Camwood Carats
Published in

Camwood Carats


We had been too tired to deliberate or listen anymore; we just wanted to close the delegates’ symposium. That was why the anchor said anyone of us could volunteer to give a brief vote of thanks.

“Two minutes,” he said.

Elvis mounted the podium and began.

“I am honoured to represent all the members by giving the vote of thanks to our amiable and reputable speakers. It has been such a pleasure being here today. We have learned a lot and I anticipate that each one of us would impact our individual communities positively.

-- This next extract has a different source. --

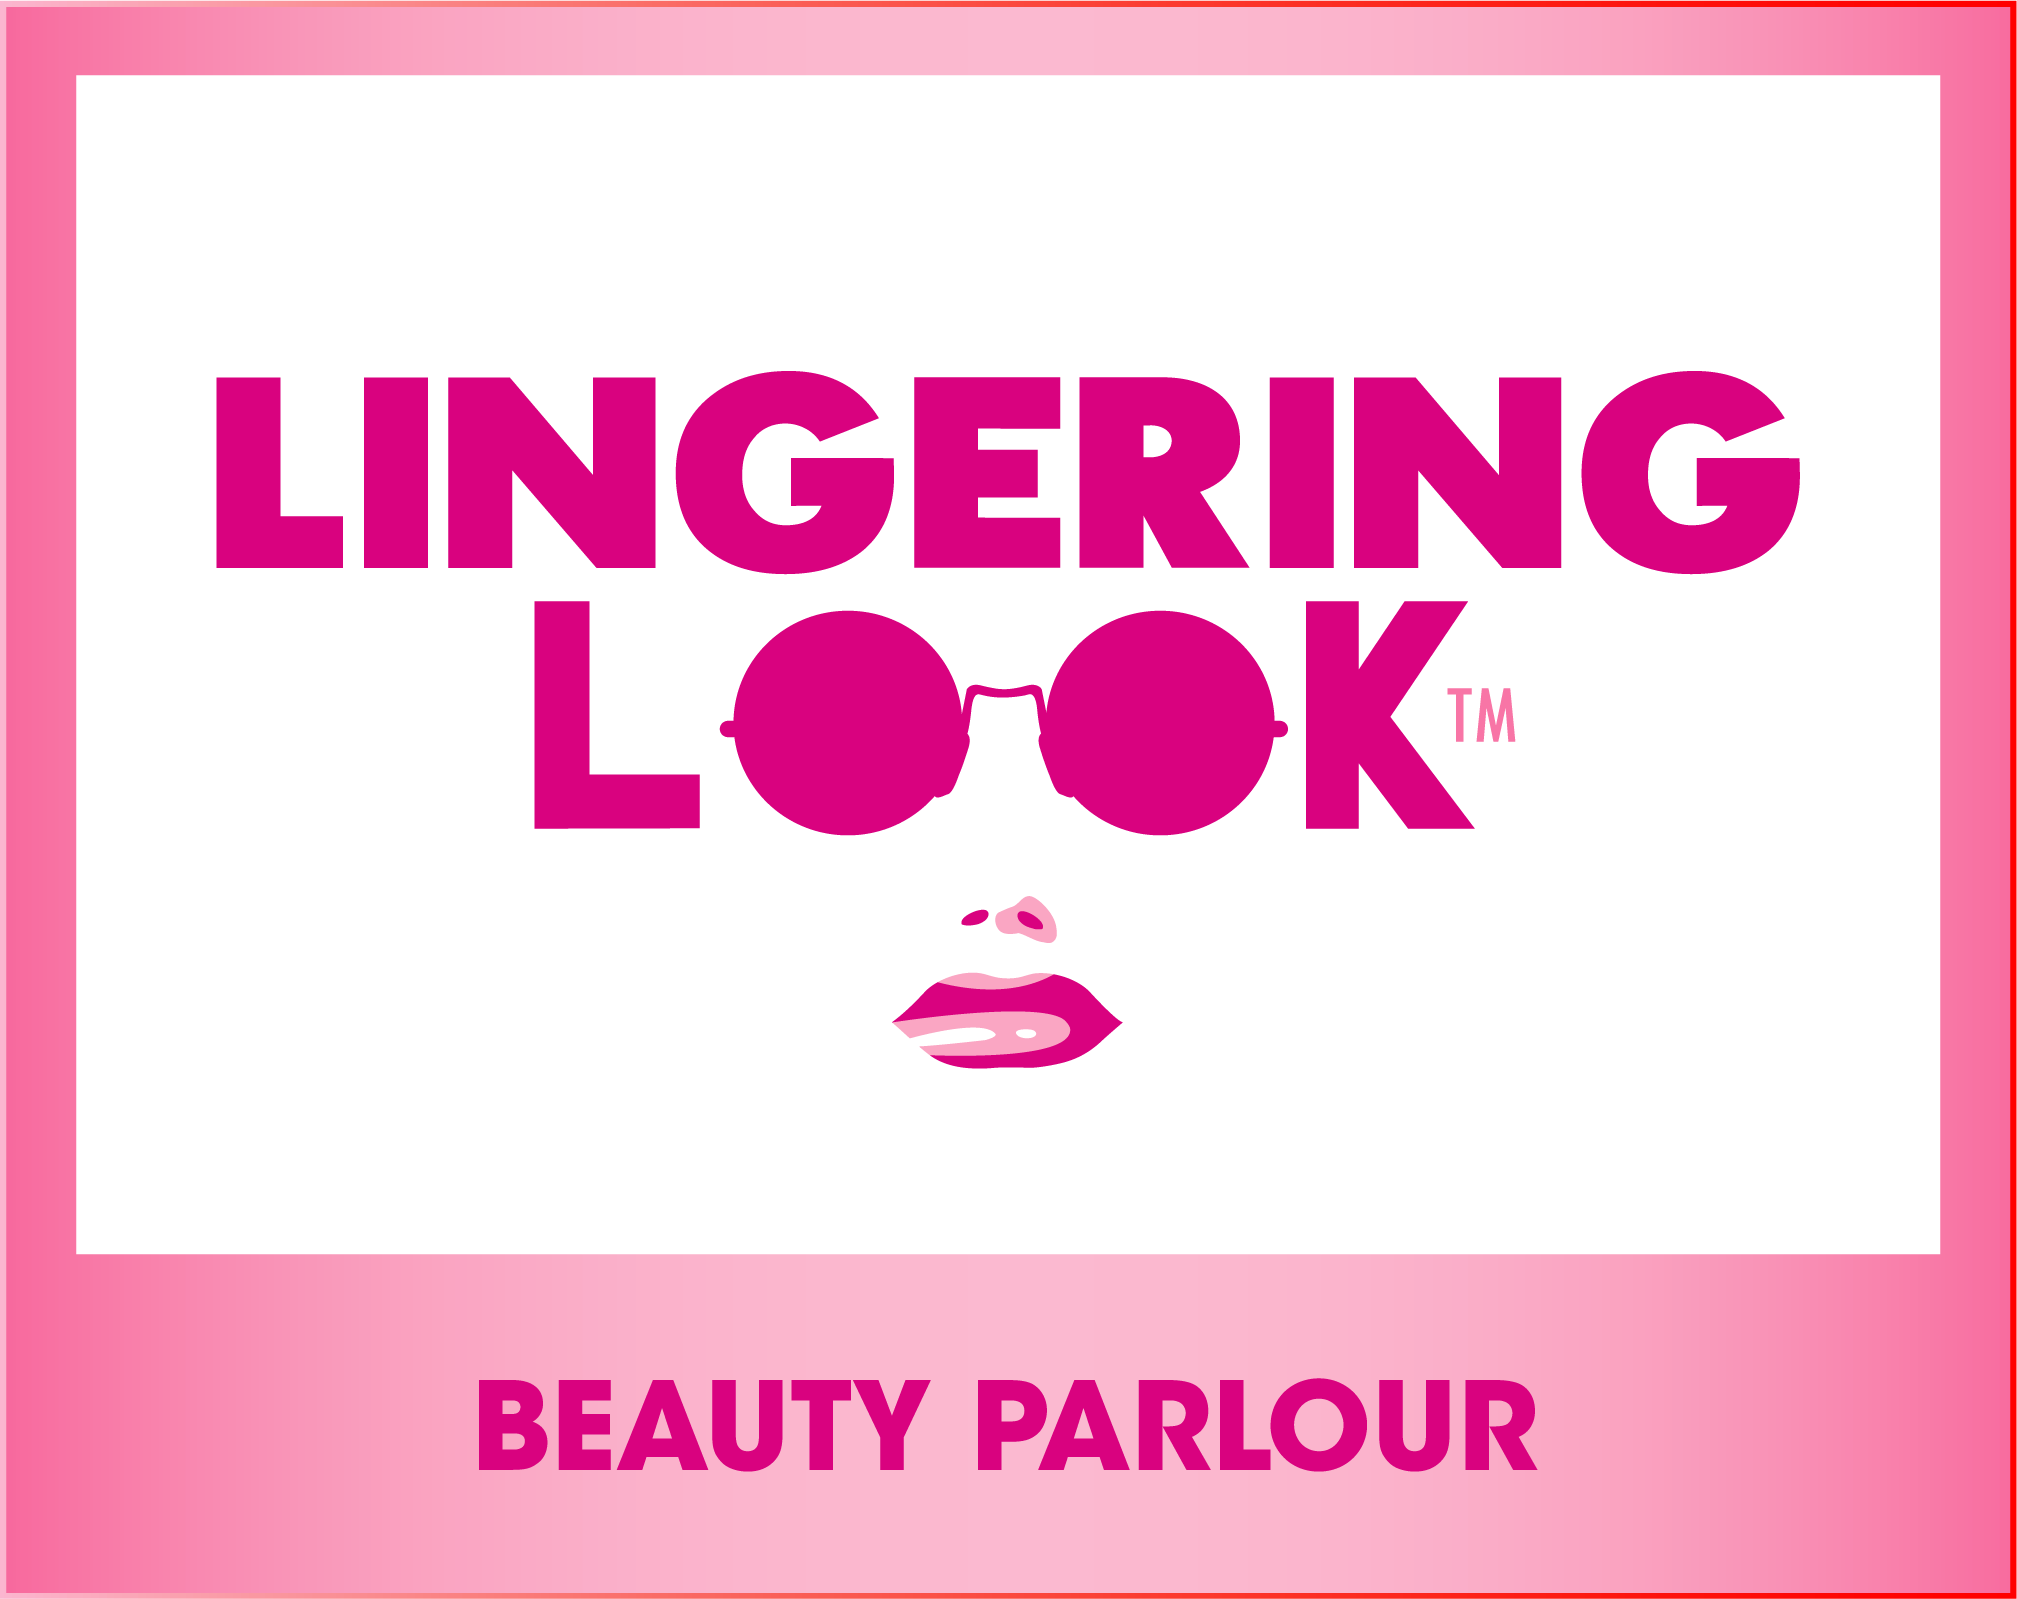 Lingering Look Beauty Parlour
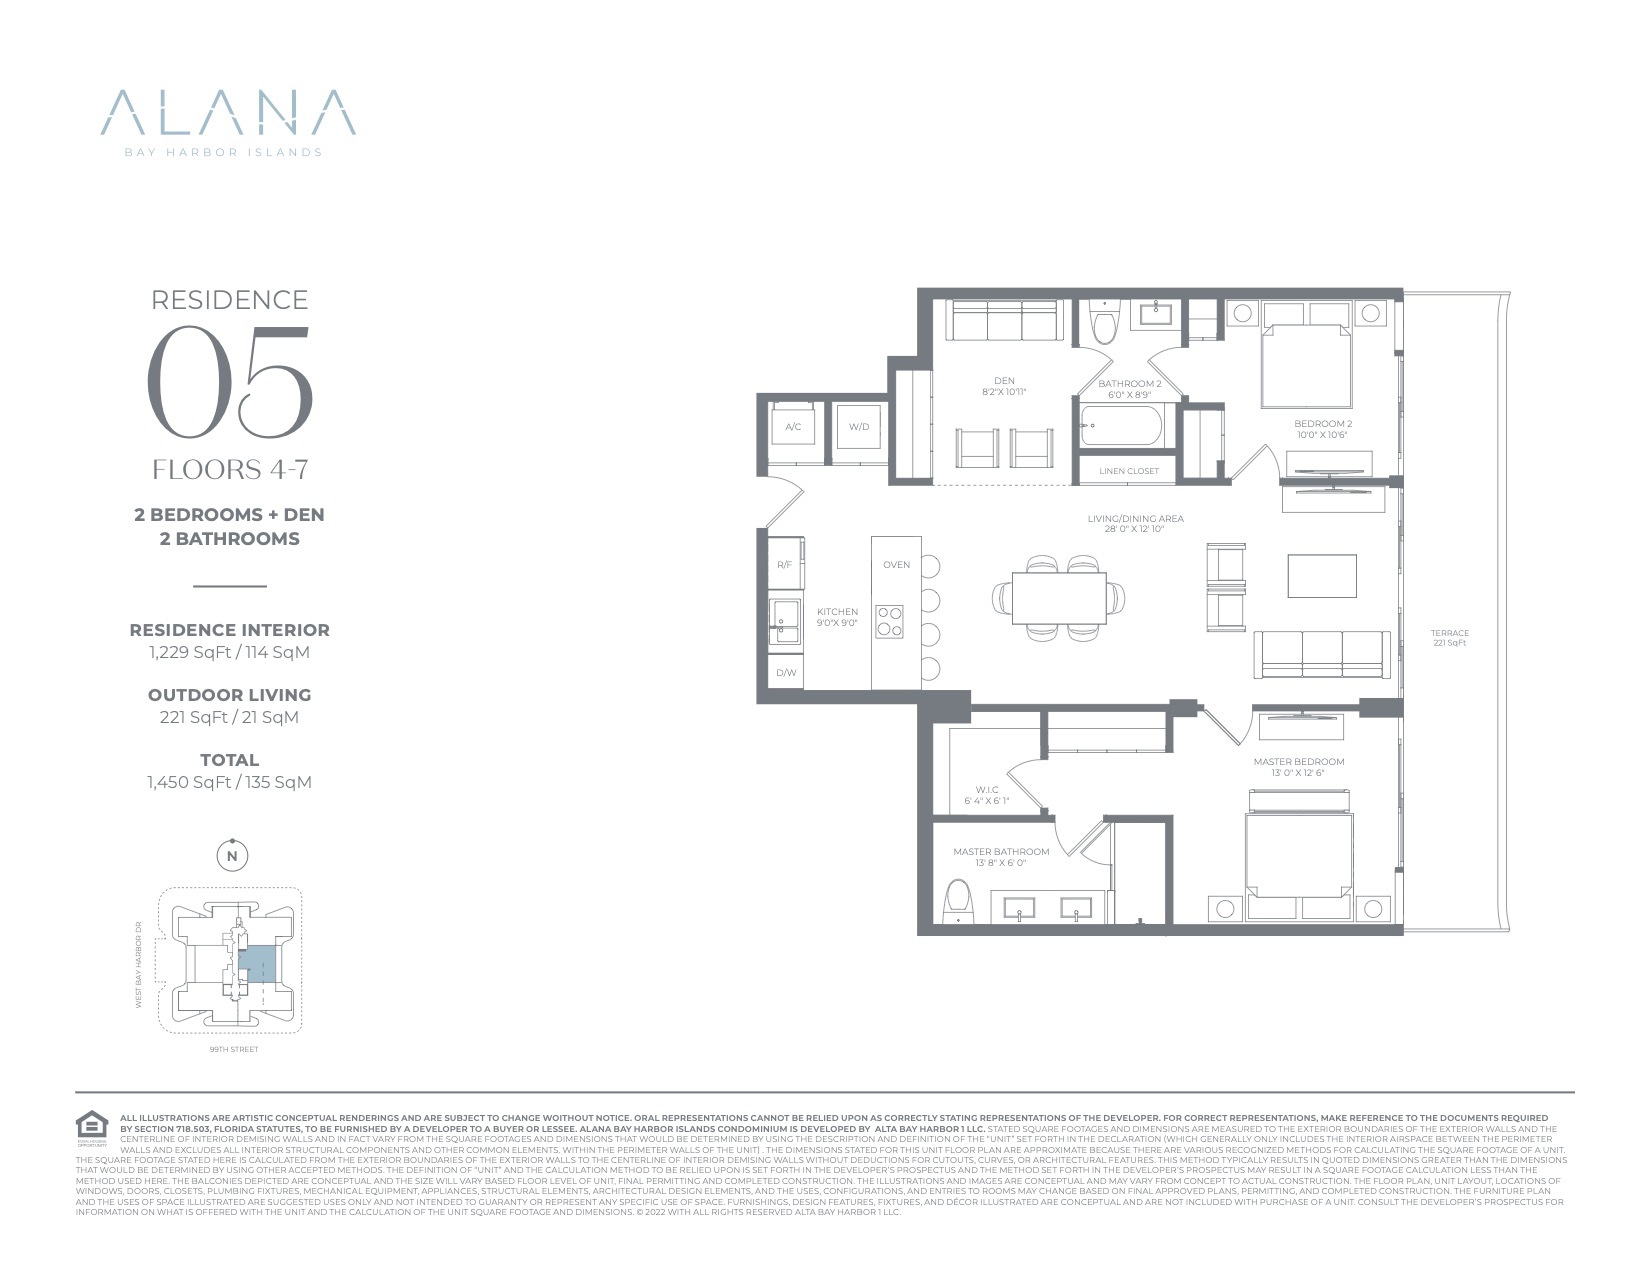 Floor Plan for Alana Bay Harbor Island Floorplans, Residence 05 Floors 4-7

“Waste disposal is a challenge many Nigerians encounter daily. We all are guilty of refuse dumping in the bush or open gutters, or the littering of our streets and roads with empty sachets of ‘pure water.’

“Not only is this a problem hazardous to man’s health, it also poses a catastrophic menace to the ecosystem. Most assuredly, an occasion as this where the brightest of minds gather to unearth a panacea is a praiseworthy one.

“From the commencement of the programme to its closing, it has been a fine experience. Our speakers did not just lecture dryly, they educated us. The atmosphere was warm and cordial. The pastries were lush, the meals mouth-watering. The souvenirs are classic, peculiar. What more can one expect of a symposium in a centre that cost millions of naira?”

I looked at Elvis, dumbfounded. What part of “two minutes” did he not understand? He was already converting the vote of thanks to a full speech. Anyway, I think the mic was tired at that point, because it just simply stopped working.